A revista Therapeutic Advances in Psychopharmacology, publicou um estudo feito por uma equipe de cientistas britânicos e, pela primeira vez demonstrou que os níveis sanguíneos de uma substância correlacionada com o desempenho cognitivo (1,8-cineol) aumentaram após os participantes do estudo terem cheirado a planta.

O estudo teve como base os níveis sanguíneos de 20 voluntários que foram expostos a diferentes níveis de alecrim. Após serem expostos ao odor da planta foram feitos testes ao humor e desempenho cognitivo. Também foram recolhidos amostras de sangue para medir a quantidade d e1,8-cineol que cada um tinha absorvido no sangue.

Através das amostras foi possível concluir que havia aumento significativo da substância no sangue.

Entretanto os cientistas advertem para o fato de que embora o alecrim possa ajudar a estimular o poder cognitivo do cérebro, em doses excessivas pode ter efeitos contrários.

1,8-cineol também é encontrada no louro, losna, sálvia e eucalipto.

Outros estudos sobre o alecrim (Rosemary).


 Proteção neurológica - os cientistas descobriram que o alecrim também é bom para o cérebro. O alecrim contém um ingrediente, o ácido carnósico, que é capaz de lutar contra os danos dos radicais livres no cérebro.

 De acordo com um estudo publicado no Jornal celular, ácido carnósico "pode ​​ser útil na proteção contra beta neurodegeneração induzida por amilóide no hipocampo." 

 Prevenir o envelhecimento do cérebro - Pesquisadores da Universidade de Kyoto no Japão revelou que o alecrim pode ajudar significativamente a prevenir o envelhecimento cerebral.

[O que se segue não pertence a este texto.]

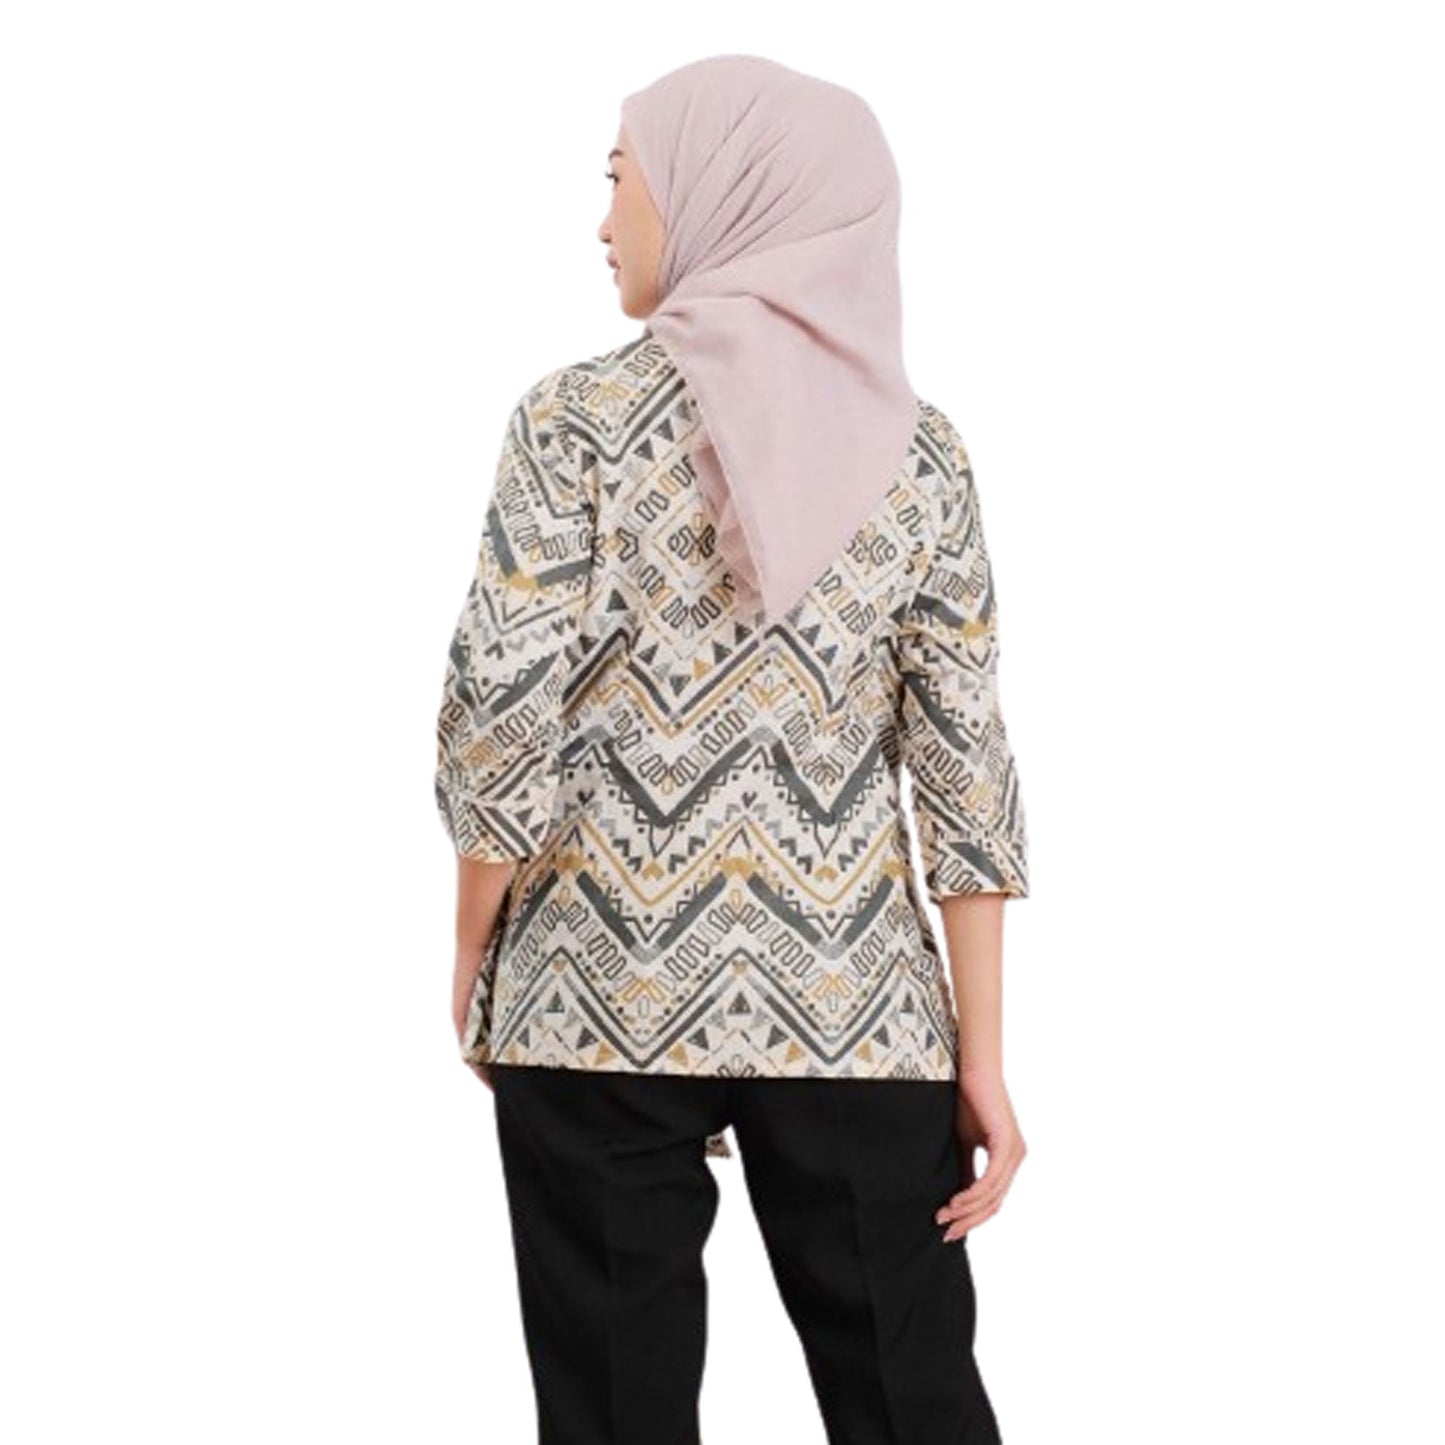 Elegant and Modern: Women's Pyramid Batik Blouse for Stunning Work Appearances, Batik Women, Women Blouse, Batik Blouse, Blouse For Women

 Câncer - Uma pesquisa publicada em Oncolocy Reports descobriu que "extrato de alecrim bruto etanólico (RO) tem efeitos anti-proliferativa diferenciais sobre leucemia humana e células de carcinoma da mama."

 Outro estudo, publicado em Bioscience, Biotechnology and Biochemistry, concluiu que alecrim podem ser um agente anti-inflamatório e anti-tumoral eficaz de ervas.

 Além disso, um relatório publicado no Journal of Food Science revelou que a adição de extrato de alecrim para carne moída reduz a formação de agentes causadores de câncer que podem se desenvolver durante o cozimento.

 Proteção contra a degeneração macular - um estudo publicado na revista Investigative Ophthalmology & Visual Science, liderada por Stuart A. Lipton, MD, Ph.D. e colegas da Sanford-Burnham Medical Research Institute, revelou que um dos principais componentes de alecrim, o ácido carnósico, pode significativamente promover a saúde dos olhos.

Precauções e efeitos colaterais

Alecrim é geralmente seguro quando tomado em doses baixas. No entanto, grandes doses pode provocar os seguintes efeitos secundários (embora raro):

 Vômitos
 Espasmos
 Coma
 Edema pulmonar (líquido nos pulmões).

➛ Altas doses de alecrim pode causar aborto espontâneo. Portanto não é aconselhável para mulheres grávidas.